(Items listed in a dataset)
::::

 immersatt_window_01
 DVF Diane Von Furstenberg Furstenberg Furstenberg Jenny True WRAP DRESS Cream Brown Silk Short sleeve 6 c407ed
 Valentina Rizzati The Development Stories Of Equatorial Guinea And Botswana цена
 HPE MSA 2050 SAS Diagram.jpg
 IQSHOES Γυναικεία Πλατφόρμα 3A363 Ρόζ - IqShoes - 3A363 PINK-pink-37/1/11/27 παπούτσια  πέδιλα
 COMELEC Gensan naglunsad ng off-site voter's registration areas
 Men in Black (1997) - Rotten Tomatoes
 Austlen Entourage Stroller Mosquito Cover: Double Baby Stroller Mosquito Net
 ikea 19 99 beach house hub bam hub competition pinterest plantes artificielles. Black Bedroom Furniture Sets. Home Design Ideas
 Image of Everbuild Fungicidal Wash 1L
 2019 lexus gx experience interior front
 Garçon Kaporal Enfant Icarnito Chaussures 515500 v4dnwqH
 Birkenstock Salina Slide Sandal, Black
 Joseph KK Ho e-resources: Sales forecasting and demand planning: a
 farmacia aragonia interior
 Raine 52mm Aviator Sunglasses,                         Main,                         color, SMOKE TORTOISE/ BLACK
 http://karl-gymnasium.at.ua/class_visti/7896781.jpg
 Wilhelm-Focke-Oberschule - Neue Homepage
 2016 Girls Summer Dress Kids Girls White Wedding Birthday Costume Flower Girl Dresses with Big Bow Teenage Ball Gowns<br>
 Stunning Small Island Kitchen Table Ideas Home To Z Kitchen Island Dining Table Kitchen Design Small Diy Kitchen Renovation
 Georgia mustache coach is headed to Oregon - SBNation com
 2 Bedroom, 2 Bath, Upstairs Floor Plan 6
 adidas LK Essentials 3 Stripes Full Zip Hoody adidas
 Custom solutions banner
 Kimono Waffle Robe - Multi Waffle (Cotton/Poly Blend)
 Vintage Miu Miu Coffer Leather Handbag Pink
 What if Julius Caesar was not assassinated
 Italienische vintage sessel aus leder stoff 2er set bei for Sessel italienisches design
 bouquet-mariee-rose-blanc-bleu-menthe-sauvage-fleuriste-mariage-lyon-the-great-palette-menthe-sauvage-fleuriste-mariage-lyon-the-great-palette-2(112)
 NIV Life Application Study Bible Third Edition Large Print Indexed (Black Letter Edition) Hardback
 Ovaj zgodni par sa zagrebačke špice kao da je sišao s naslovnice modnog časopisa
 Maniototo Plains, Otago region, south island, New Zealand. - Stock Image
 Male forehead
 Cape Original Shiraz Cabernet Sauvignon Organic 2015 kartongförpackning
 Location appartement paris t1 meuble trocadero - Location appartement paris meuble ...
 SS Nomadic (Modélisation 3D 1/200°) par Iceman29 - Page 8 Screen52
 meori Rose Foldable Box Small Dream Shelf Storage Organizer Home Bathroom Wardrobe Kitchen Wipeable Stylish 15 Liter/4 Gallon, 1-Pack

::::

__EXERCISE BRIEF__. Having located the line containing "Italienische vintage sessel", set it down along with every line after it through the end of the data, reproducing each exactly.

__SOLUTION FOR THIS EXERCISE__.
 Italienische vintage sessel aus leder stoff 2er set bei for Sessel italienisches design
 bouquet-mariee-rose-blanc-bleu-menthe-sauvage-fleuriste-mariage-lyon-the-great-palette-menthe-sauvage-fleuriste-mariage-lyon-the-great-palette-2(112)
 NIV Life Application Study Bible Third Edition Large Print Indexed (Black Letter Edition) Hardback
 Ovaj zgodni par sa zagrebačke špice kao da je sišao s naslovnice modnog časopisa
 Maniototo Plains, Otago region, south island, New Zealand. - Stock Image
 Male forehead
 Cape Original Shiraz Cabernet Sauvignon Organic 2015 kartongförpackning
 Location appartement paris t1 meuble trocadero - Location appartement paris meuble ...
 SS Nomadic (Modélisation 3D 1/200°) par Iceman29 - Page 8 Screen52
 meori Rose Foldable Box Small Dream Shelf Storage Organizer Home Bathroom Wardrobe Kitchen Wipeable Stylish 15 Liter/4 Gallon, 1-Pack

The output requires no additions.